§ **PROBLEM**
Return the listing exactly as it appears, but strip out the images.

§ **INFORMATION SHOWN**
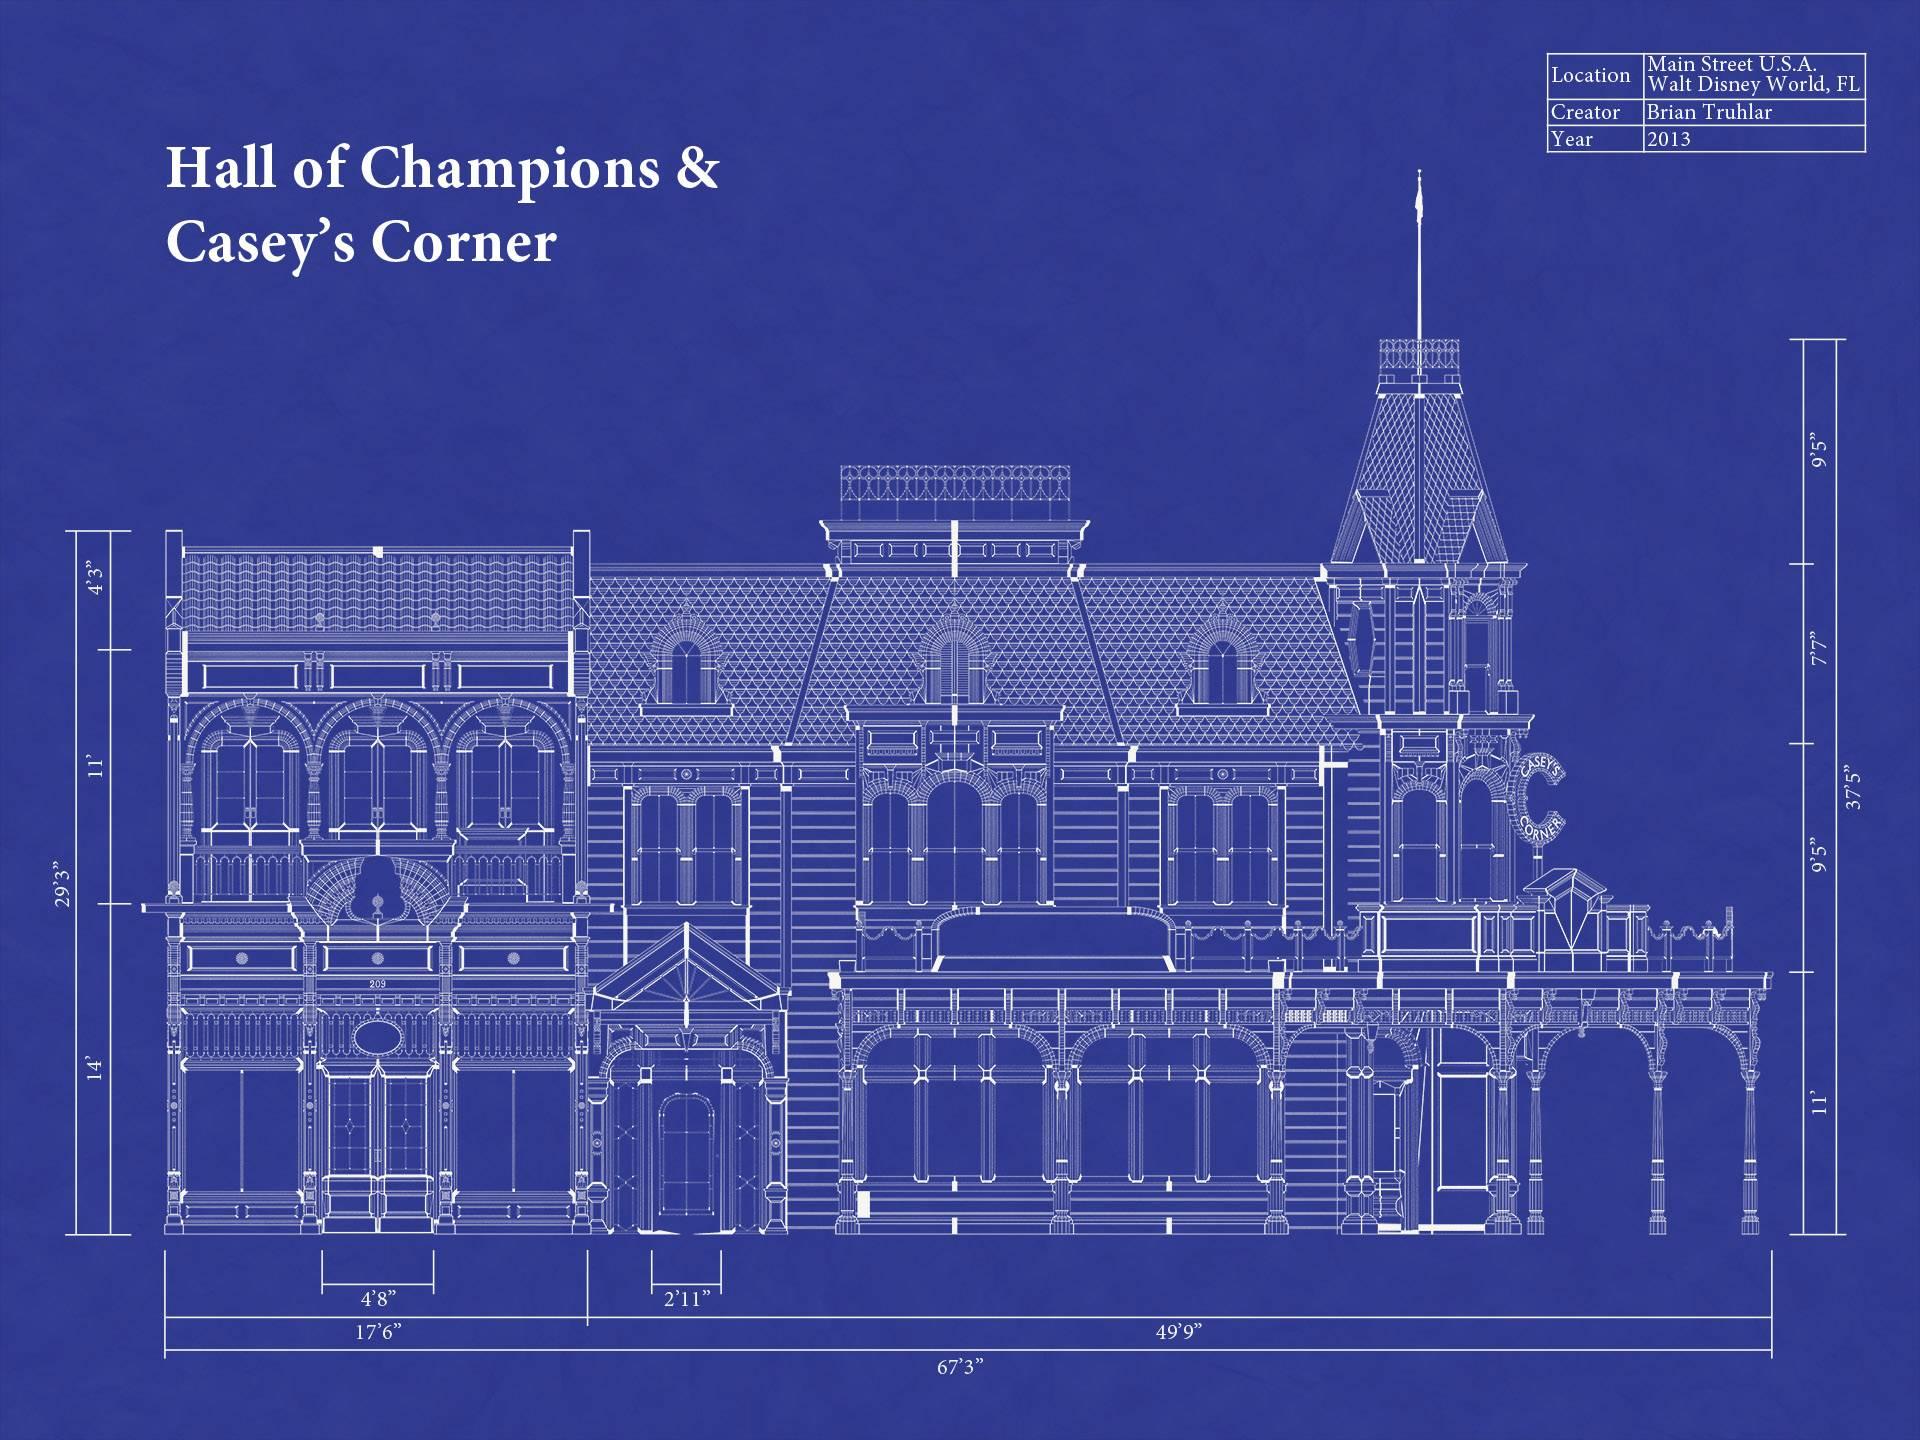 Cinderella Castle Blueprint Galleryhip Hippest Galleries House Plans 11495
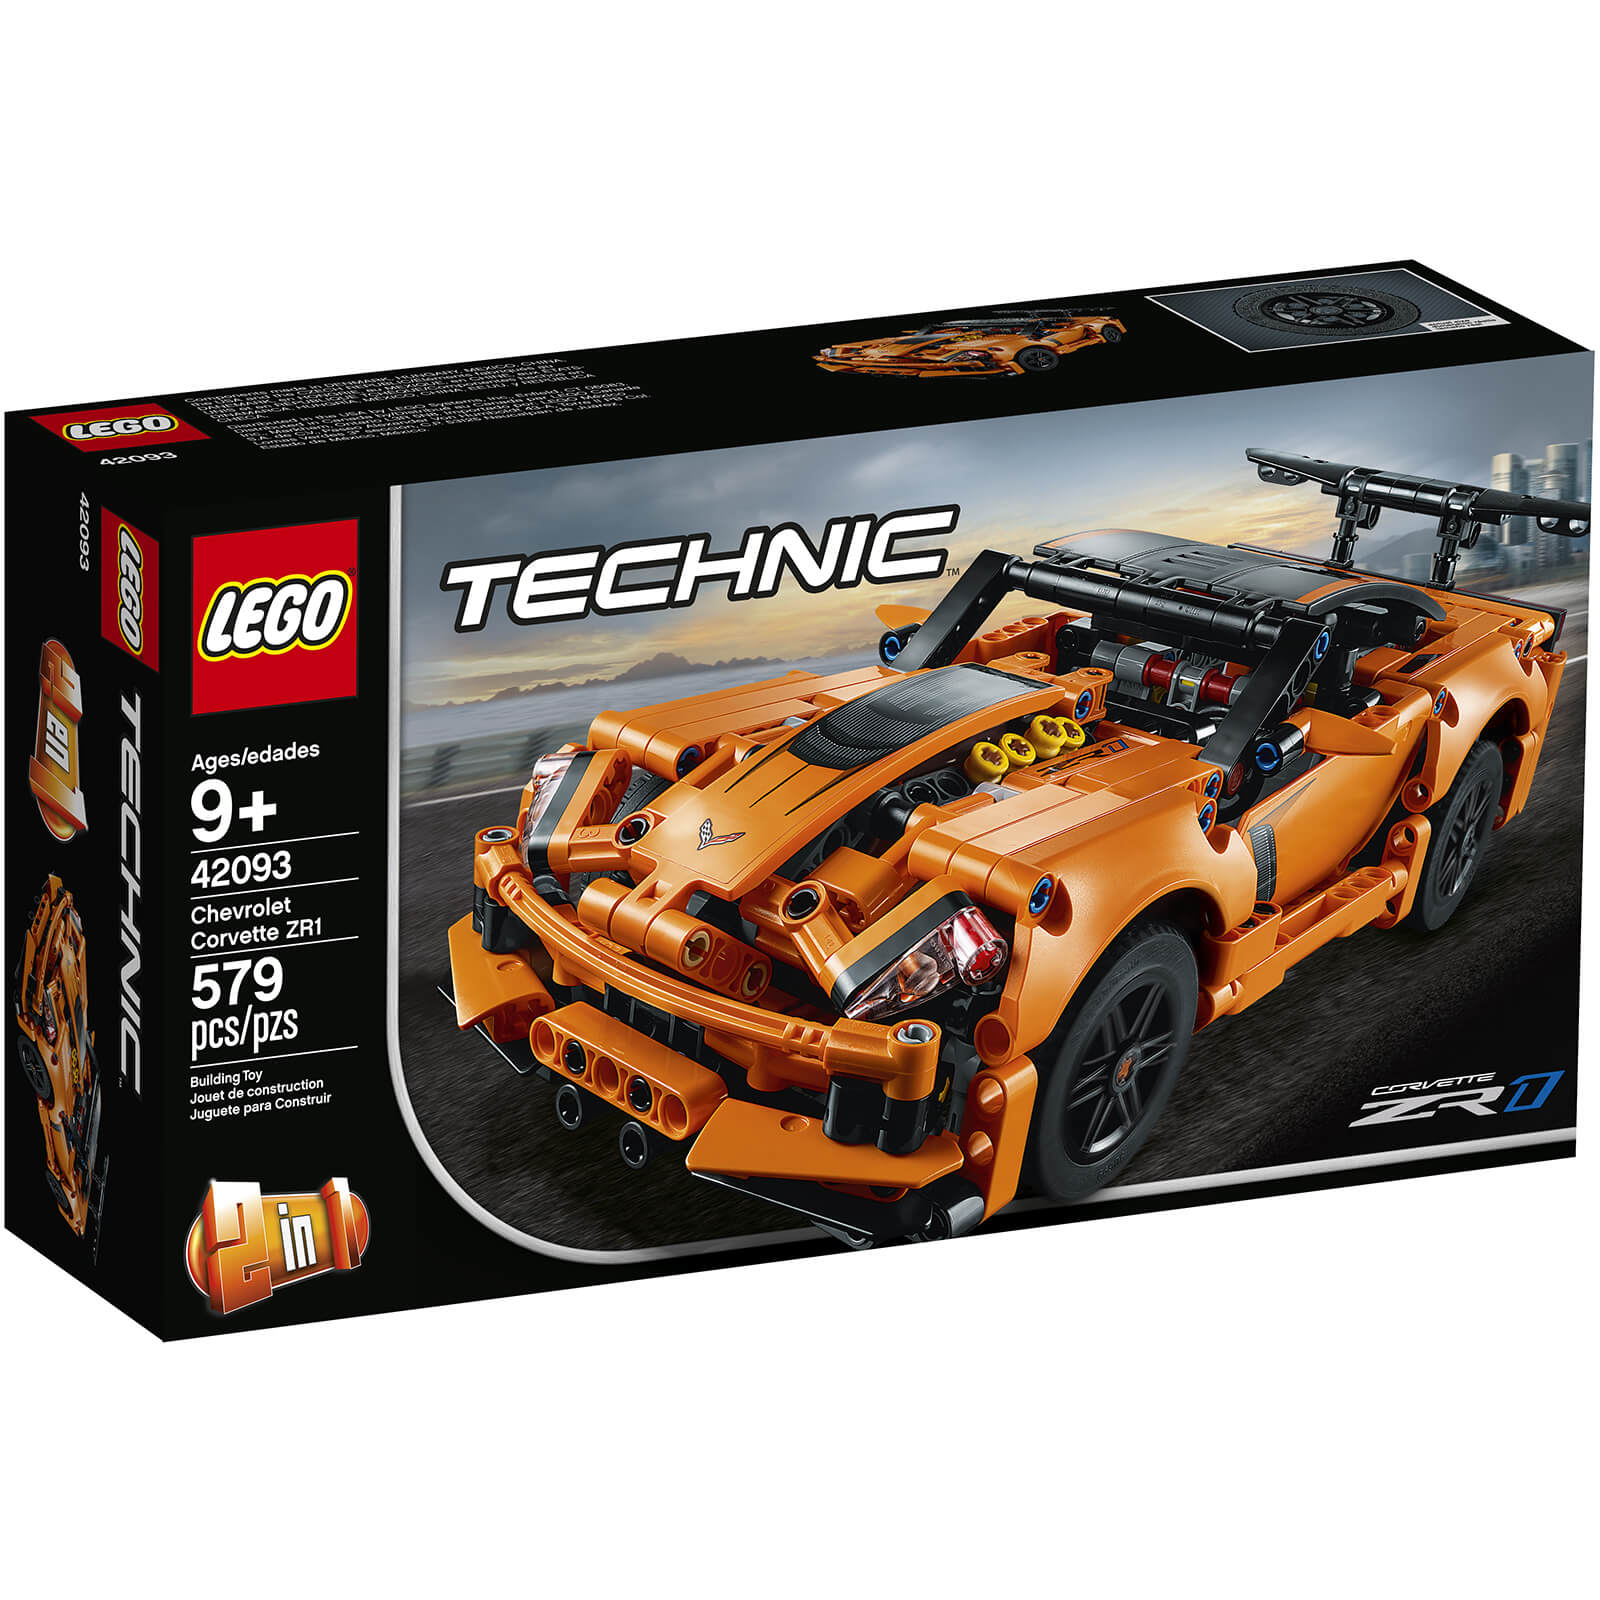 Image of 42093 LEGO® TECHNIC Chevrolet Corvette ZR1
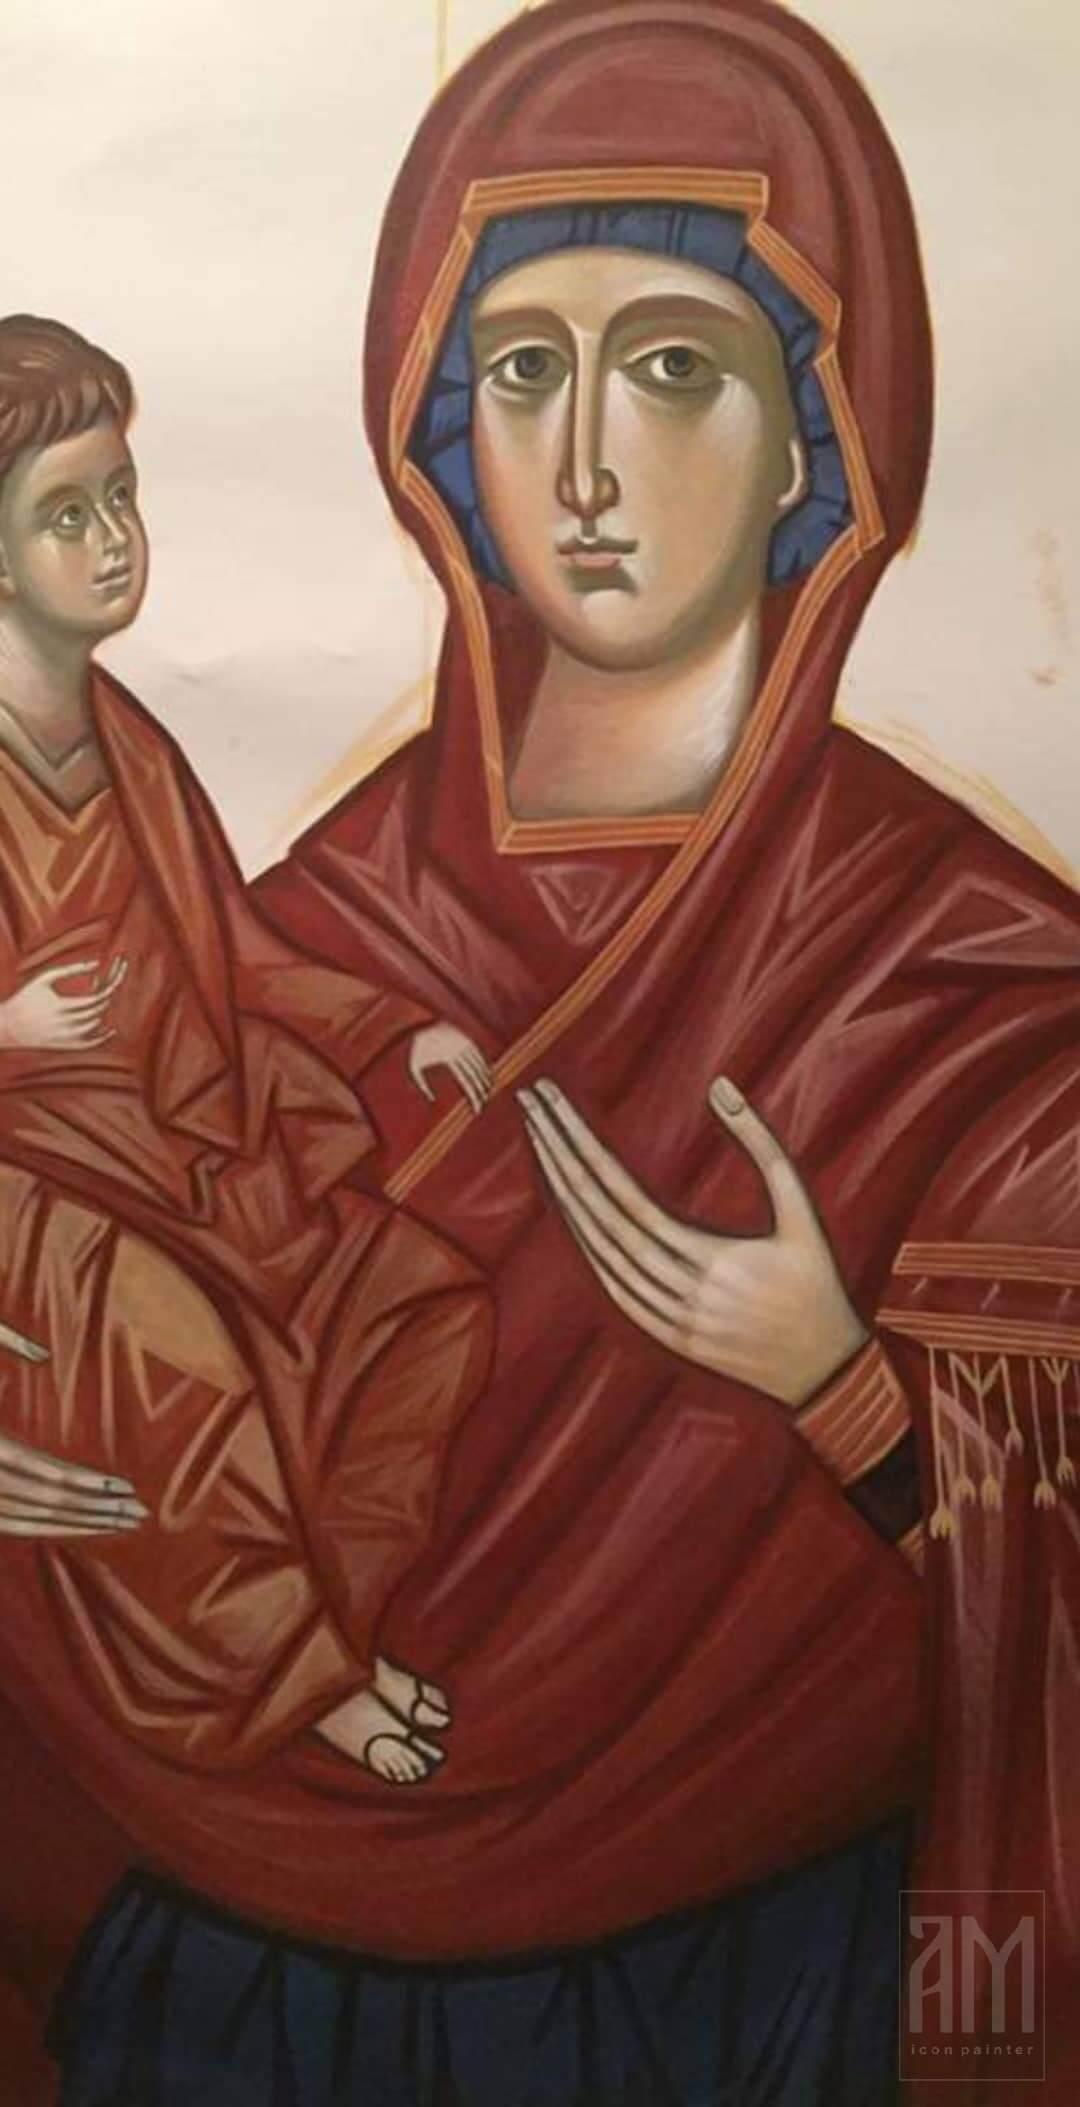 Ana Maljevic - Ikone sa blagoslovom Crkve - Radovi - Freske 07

§ **ANSWER TO THIS PROBLEM**
 Cinderella Castle Blueprint Galleryhip Hippest Galleries House Plans 11495
 Image of 42093 LEGO® TECHNIC Chevrolet Corvette ZR1
 Ana Maljevic - Ikone sa blagoslovom Crkve - Radovi - Freske 07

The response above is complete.